Disappointing U.S. Black Friday performance, along with waning resale demand, reminded the market of the collapse of the 1990s "Beanie Baby" bubble. This also challenges the narrative of whether Pop Mart can become the "Chinese Walt Disney" or the Sanrio (parent company of Hello Kitty) of China.

S&P Global data shows that since November, short bets against the stock have tripled, reaching the highest level since August 2023.

Richard Lin, Chief Consumer Analyst at Puyin International, said: "The market is very focused on Pop Mart’s short-term data. The biggest question is, if it cannot maintain extremely high year-on-year growth by the end of the year, can it still achieve growth next year under the high base effect?"

Valuation Disputes and Diversification Attempts

Facing market doubts, some institutional investors are choosing to wait and see. Kevin Net, Head of Asian Equities at Financiere de L’Echiquier, said market sentiment has clearly turned negative; although valuations were not expensive in late September, there are now many questions about future EPS, so he chose to wait for an opportunity to re-enter.

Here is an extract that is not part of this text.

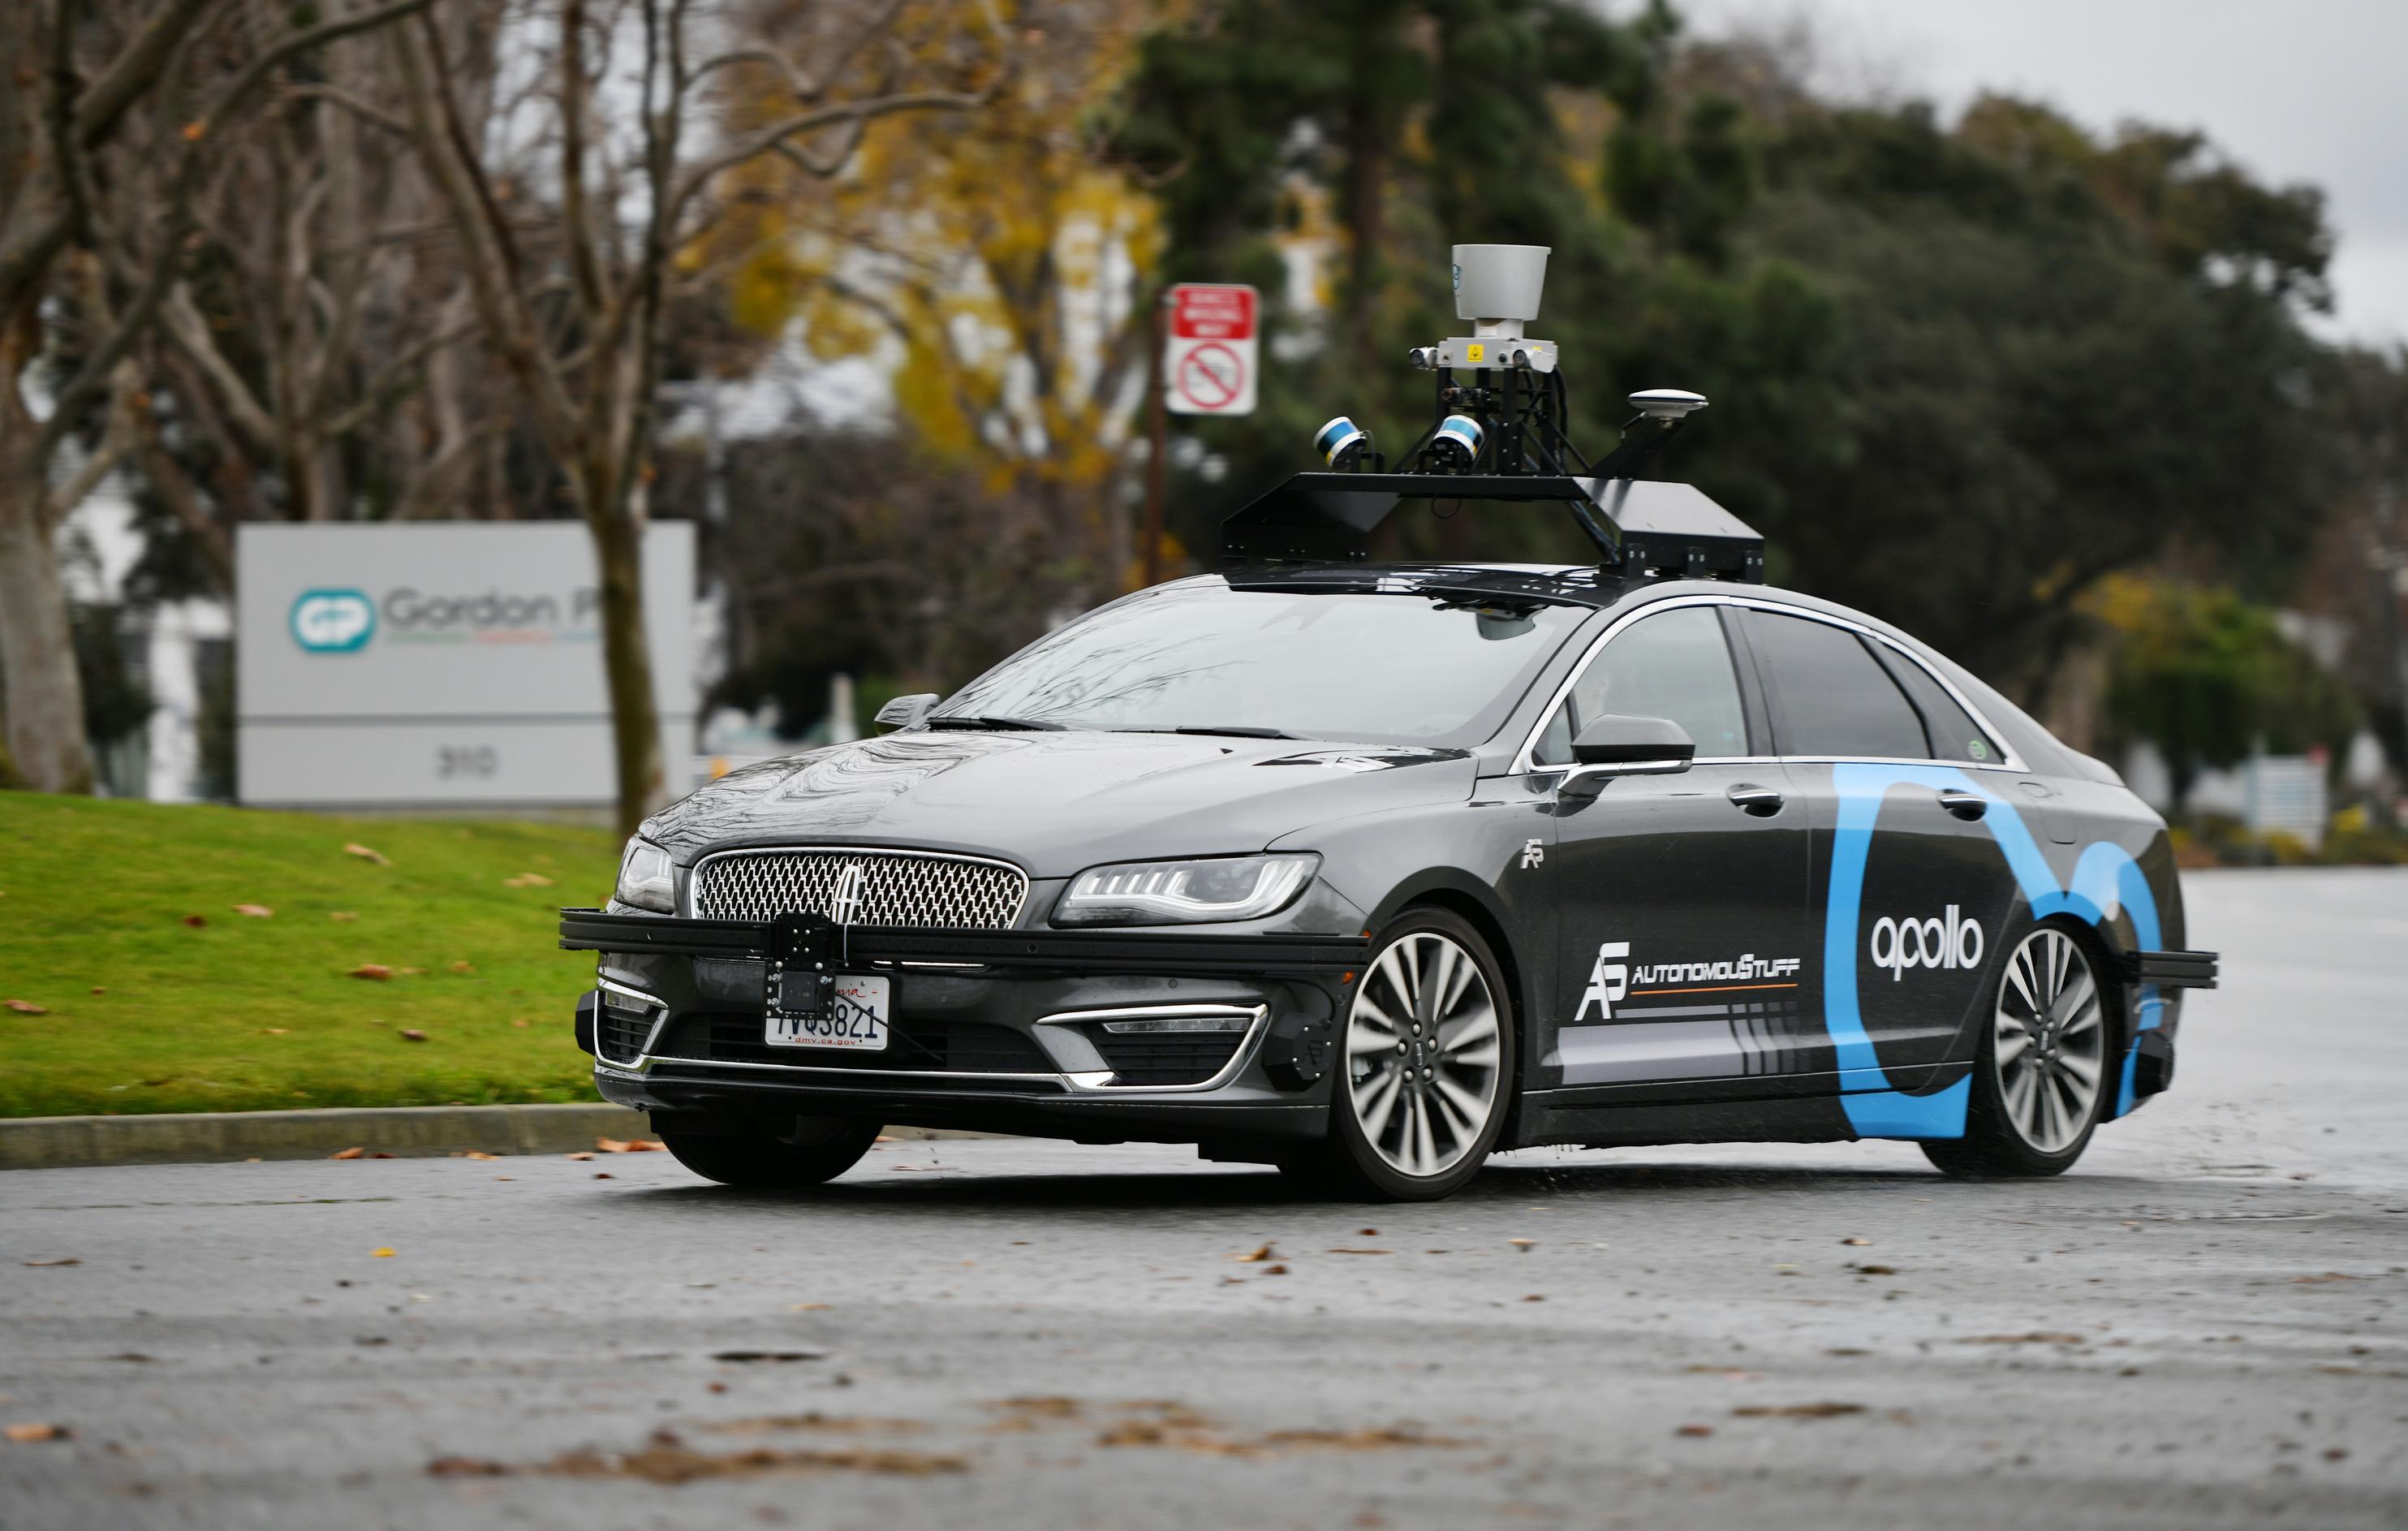 Baidu's Apollo self-driving car.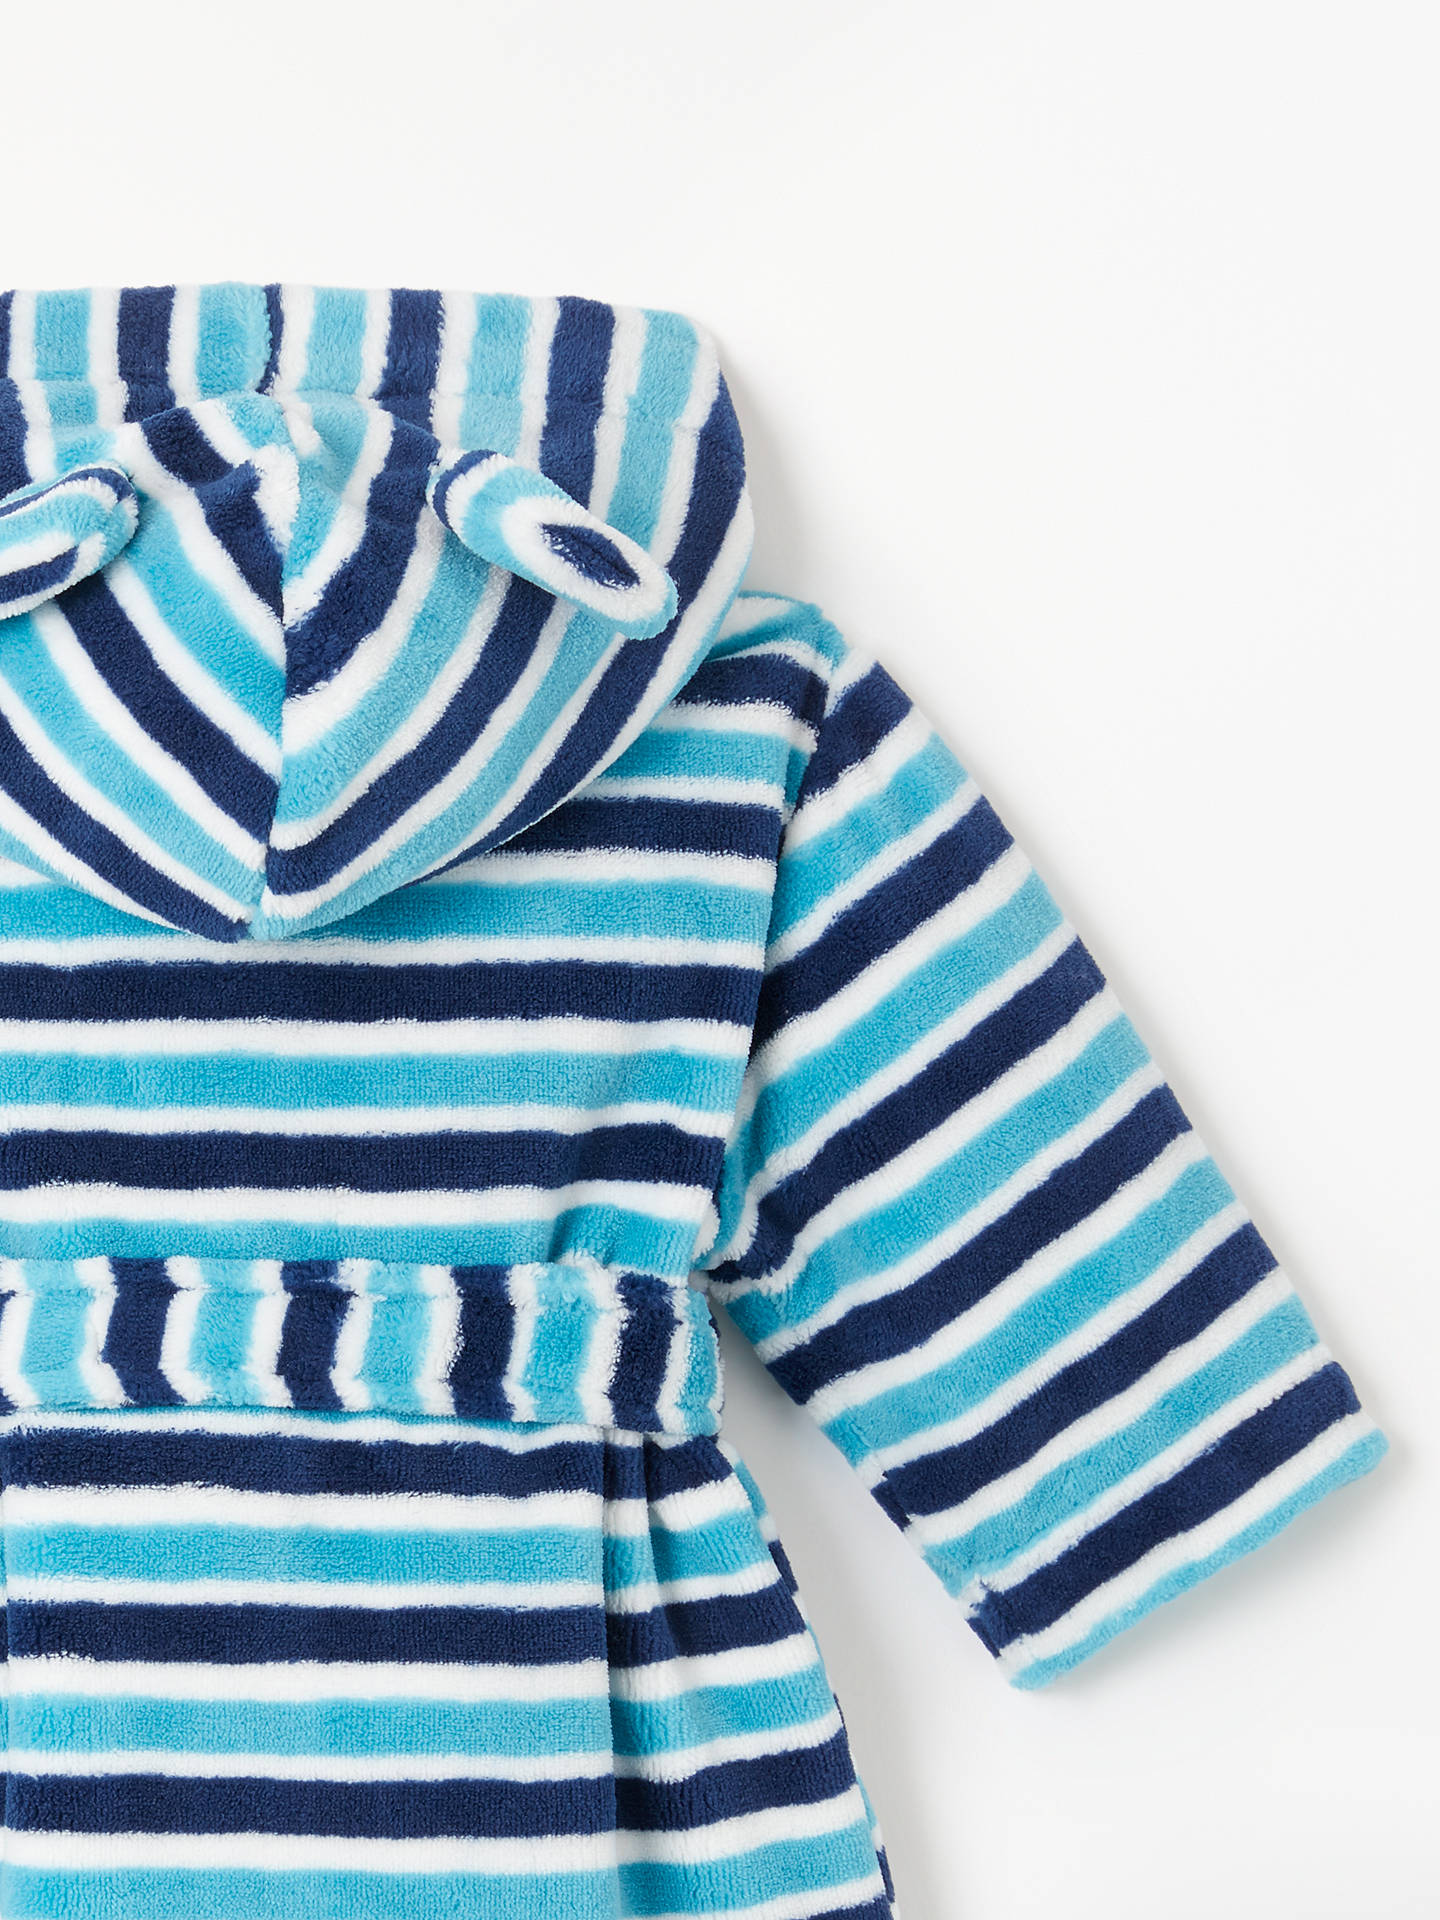 John Lewis & Partners Baby Stripe Dressing Gown at John Lewis & Partners

EFG Asset Management fund manager Daisy Li also admitted that since Labubu is a non-essential consumer good and fundamentally difficult to model, it is hard to build firm investment conviction.

However, sell-side analysts remain generally optimistic, with the average 12-month target price about 84% higher than the latest closing price. Morgan Stanley’s Dustin Wei and others wrote in a report that although short-term profit-taking and pullbacks are normal, pushing the stock down to a bottom valuation seems "premature" and unreasonable. They think the market has overlooked the long-term expansion of Pop Mart’s recurring customer base.

To address the risk of reliance on a single IP, Pop Mart is betting on other IPs such as Crybaby, Twinkle Twinkle, and Hirono, and actively branching into the entertainment industry, including opening a theme park in Beijing, signing a movie development agreement with Sony Pictures, and launching a jewelry brand, POPOP.

But Xiadong Bao, Fund Manager at Edmond de Rothschild Asset Management, warned that the biggest current concern is whether Labubu and its top IPs are losing momentum; if Labubu sales decline, other characters "may not be enough to compensate and sustain the strong momentum already priced into the shares."